Dataset section:
▬▬▬▬▬▬▬▬▬▬
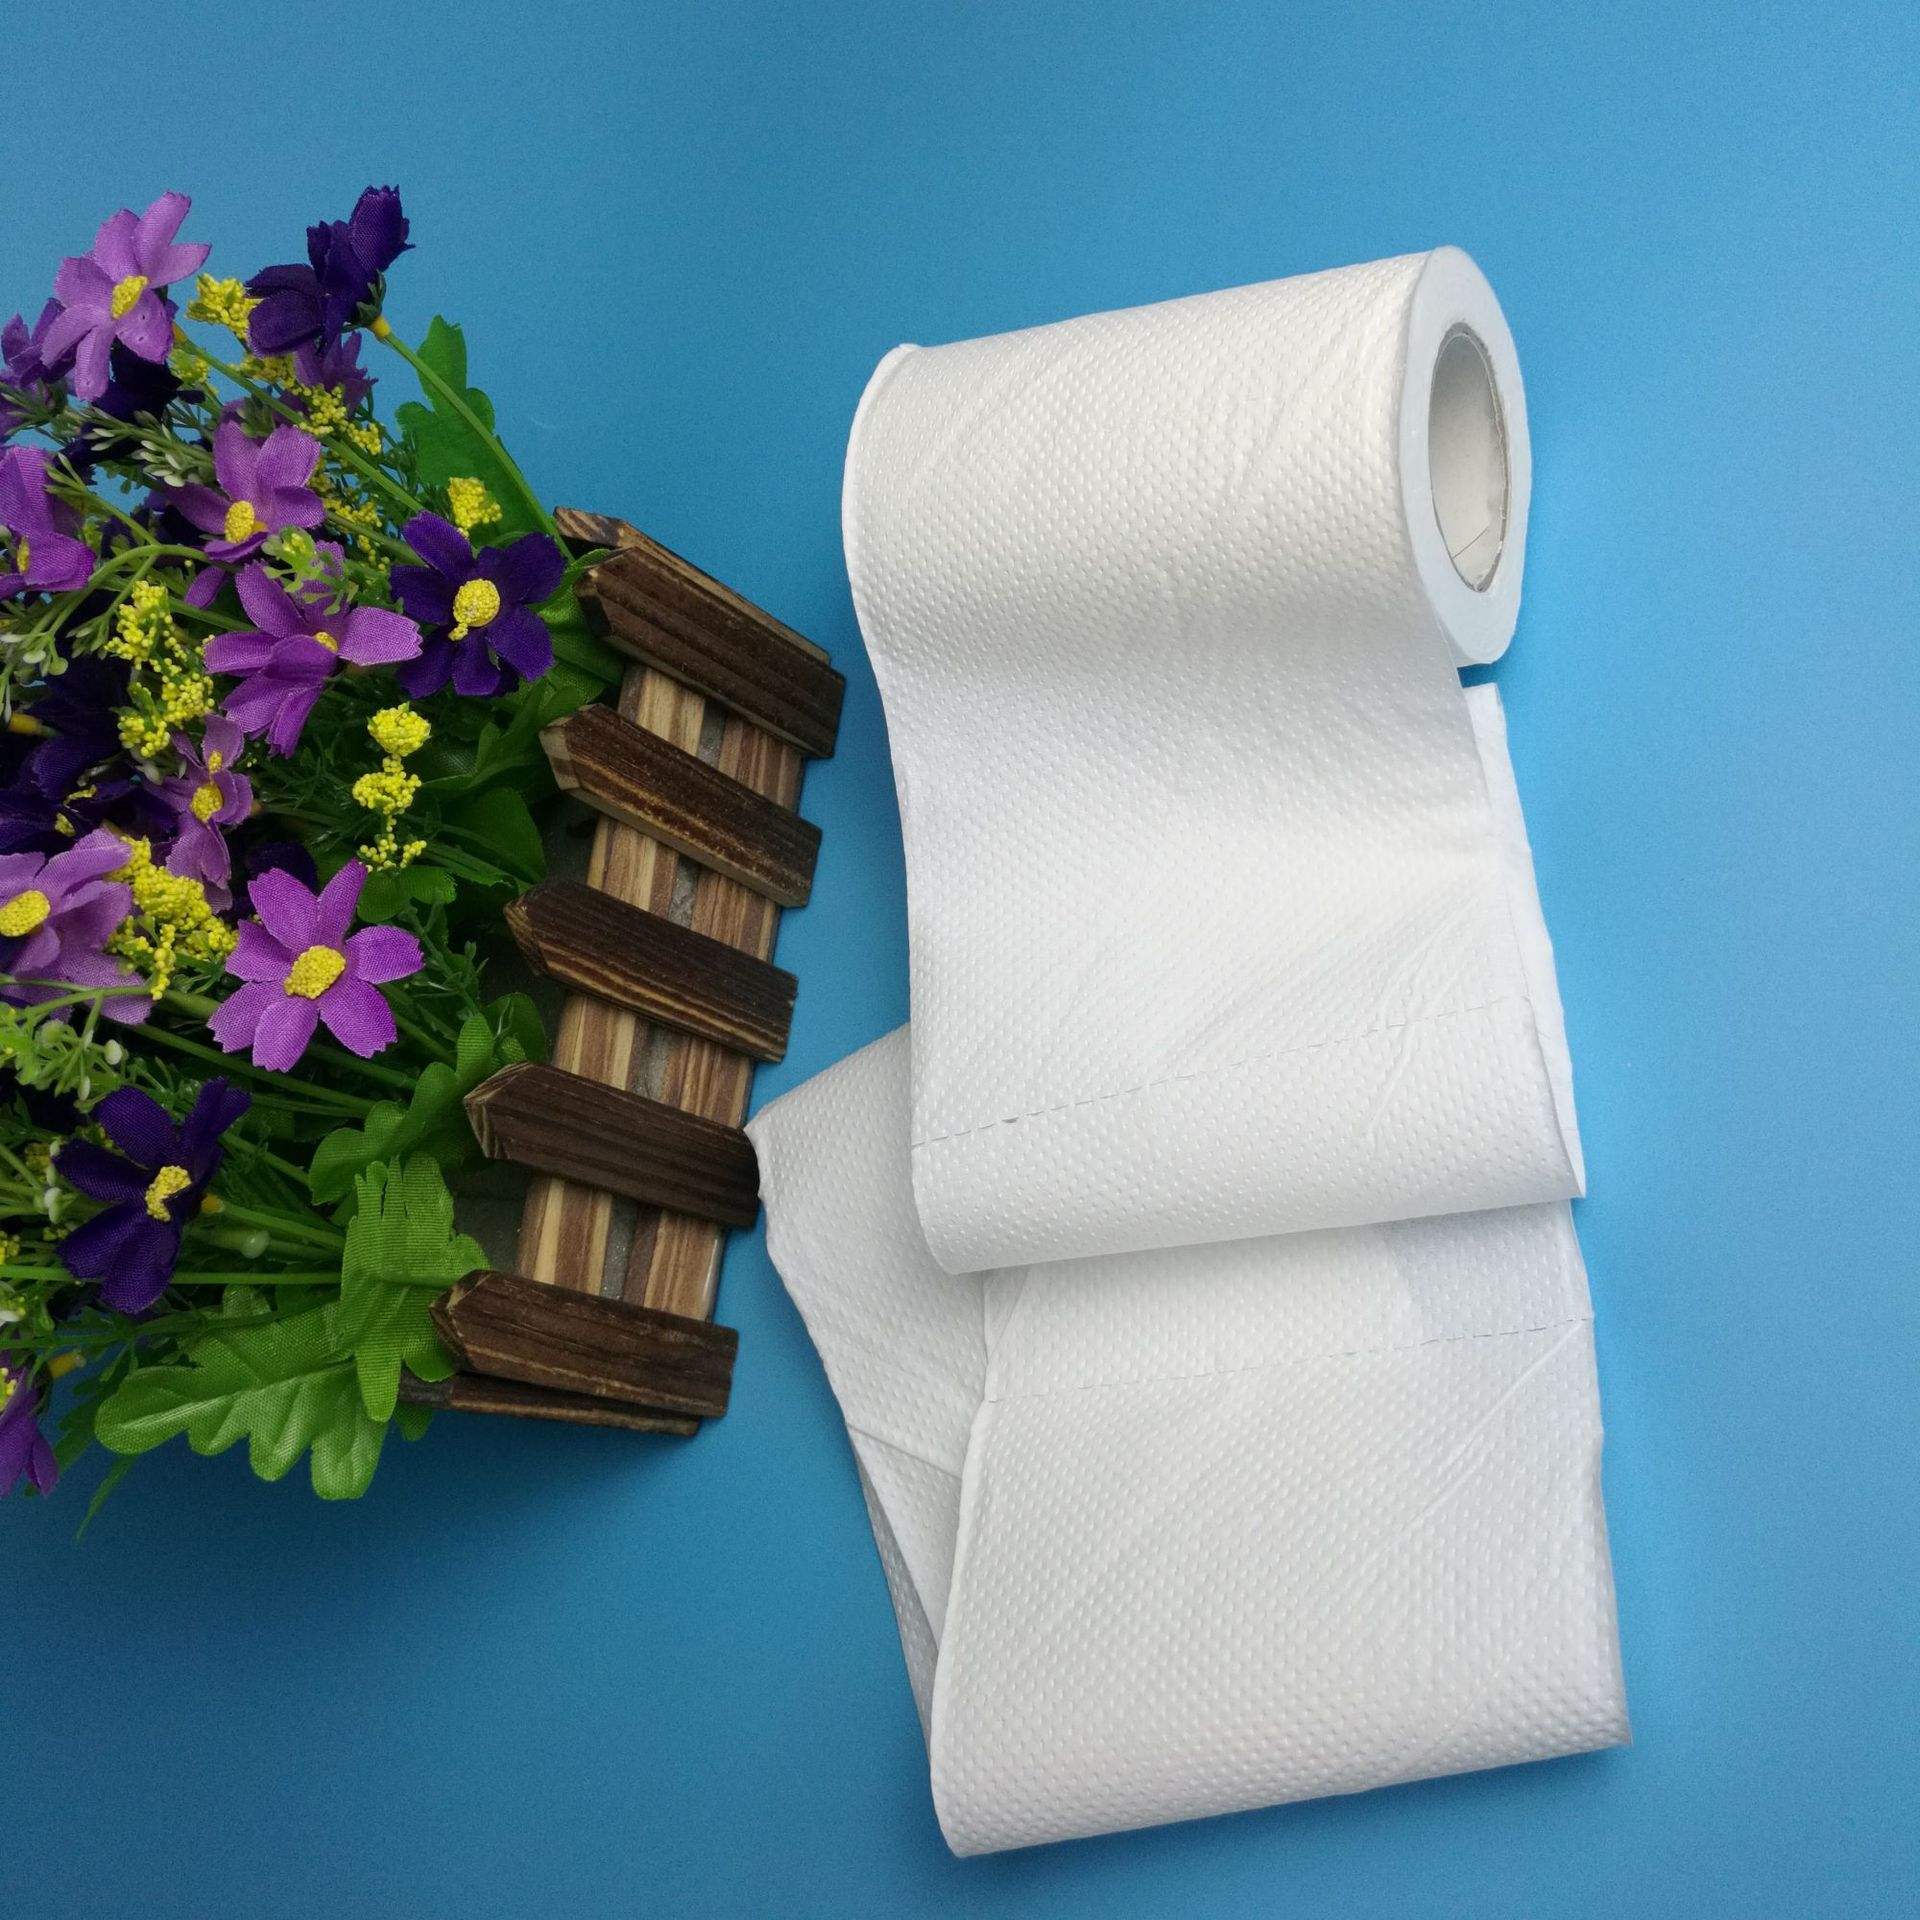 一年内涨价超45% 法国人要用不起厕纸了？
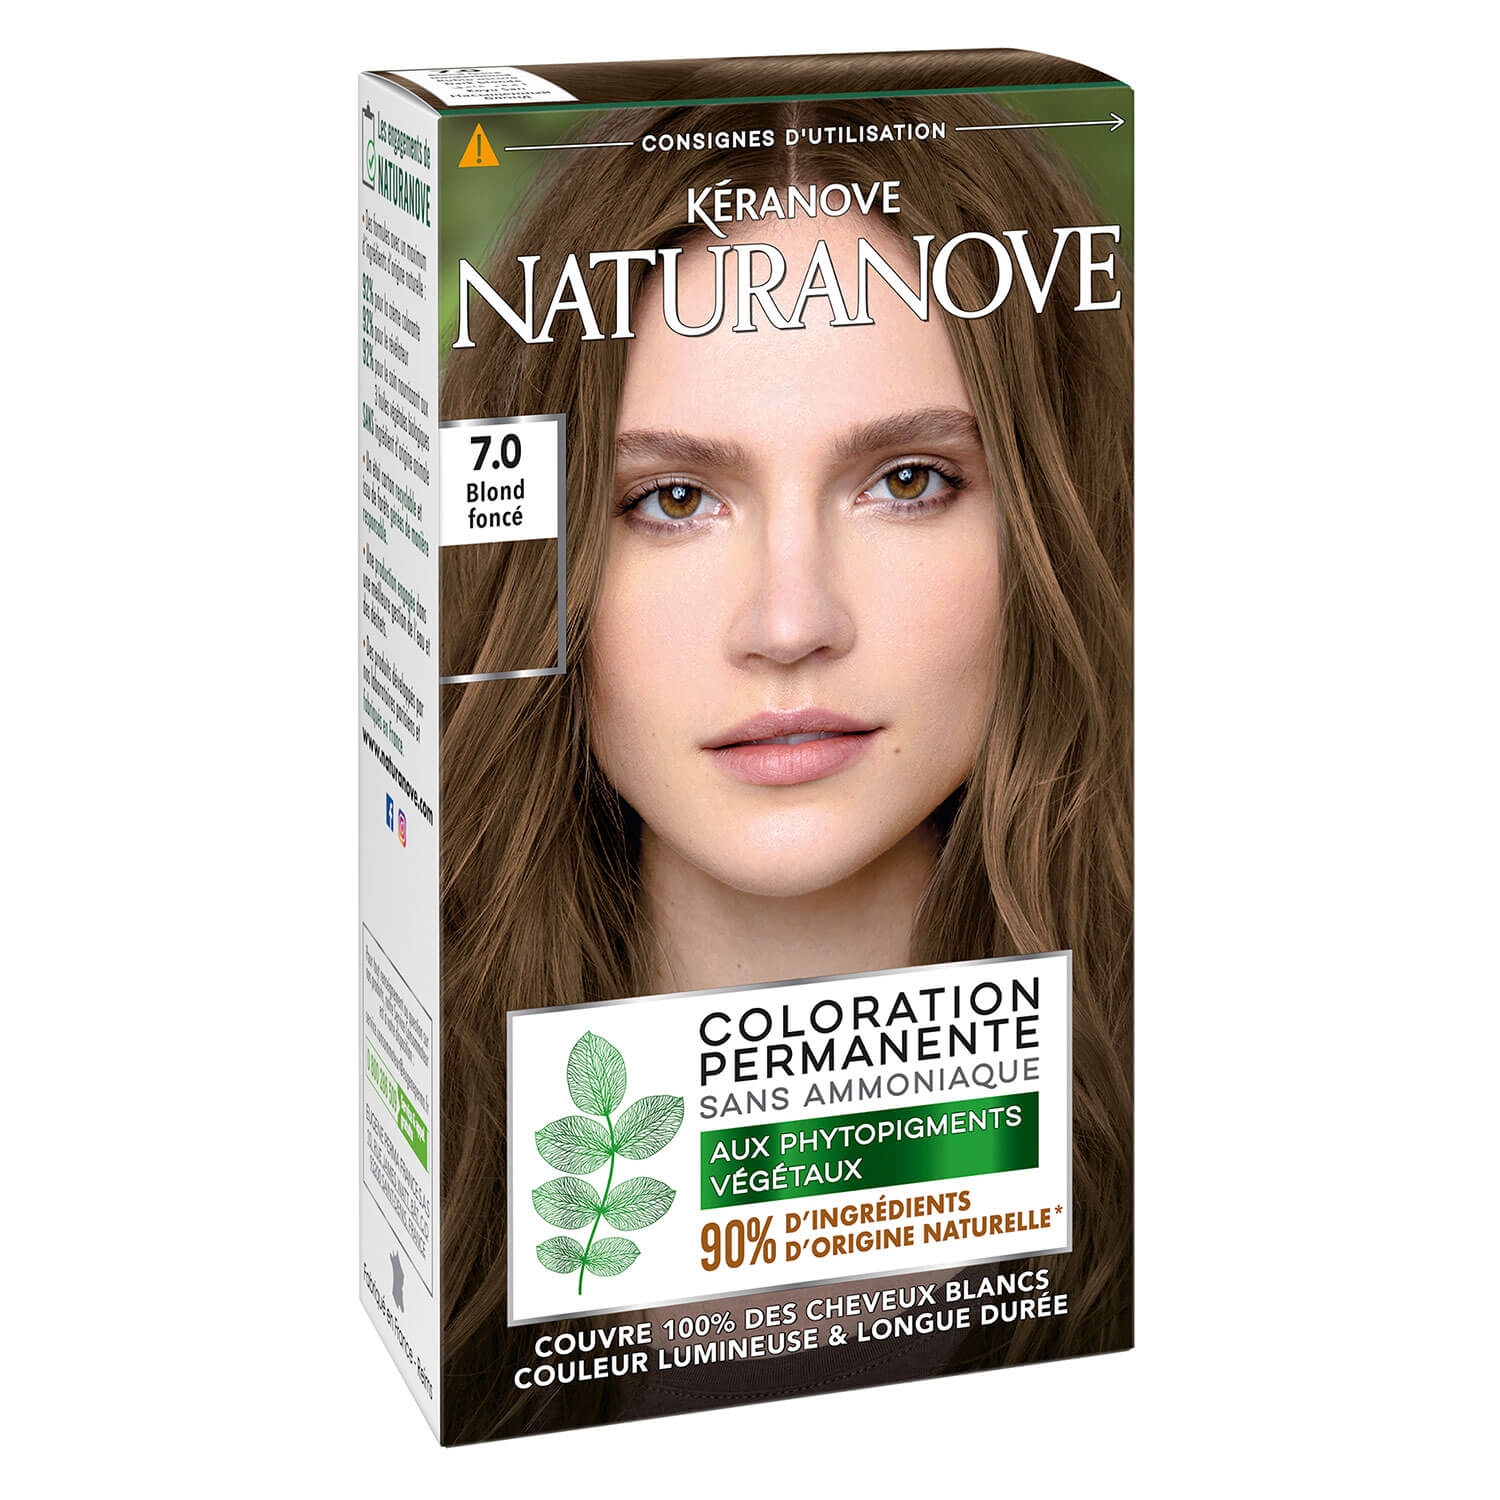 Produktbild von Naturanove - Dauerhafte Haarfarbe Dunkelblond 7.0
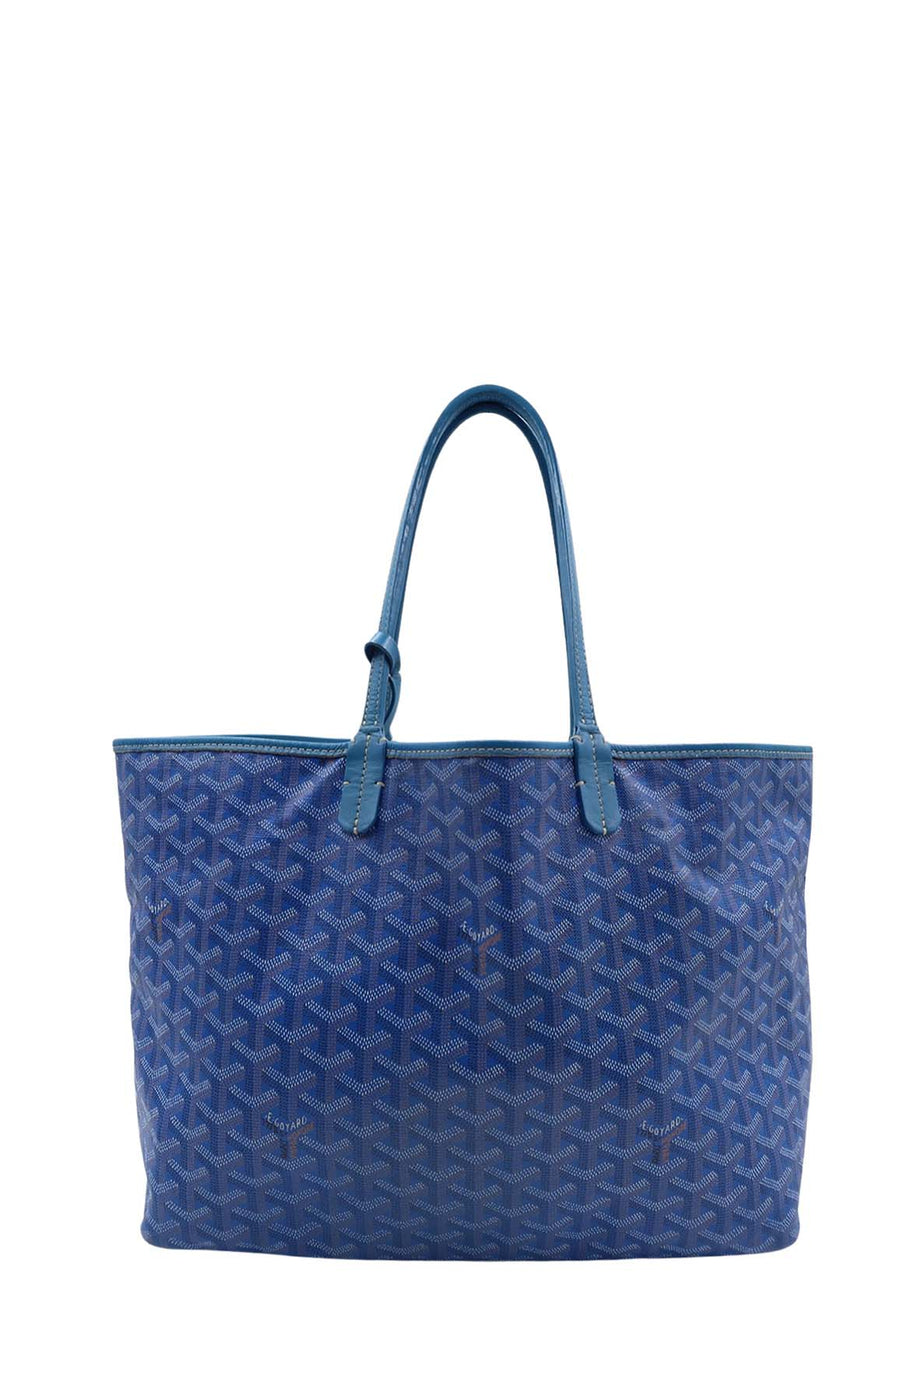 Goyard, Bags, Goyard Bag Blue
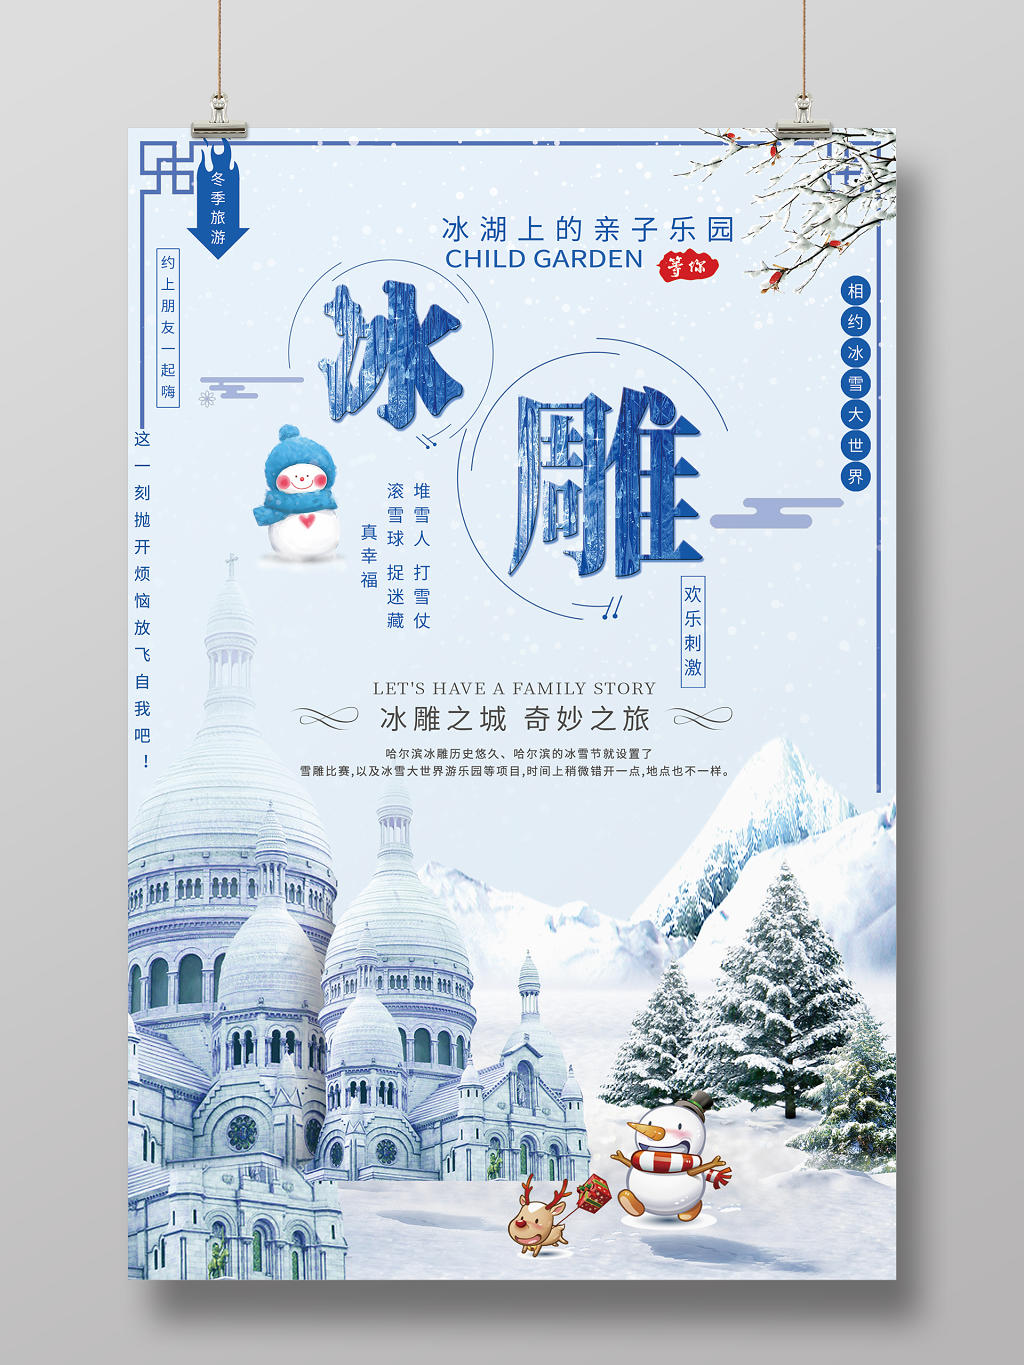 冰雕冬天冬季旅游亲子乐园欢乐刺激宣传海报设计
▬▬▬▬▬▬▬▬▬▬
Try it: Repeat the listing exactly, pictures excluded.

Solution for this task:
 一年内涨价超45% 法国人要用不起厕纸了？
 Produktbild von Naturanove - Dauerhafte Haarfarbe Dunkelblond 7.0
 Goyard, Bags, Goyard Bag Blue
 冰雕冬天冬季旅游亲子乐园欢乐刺激宣传海报设计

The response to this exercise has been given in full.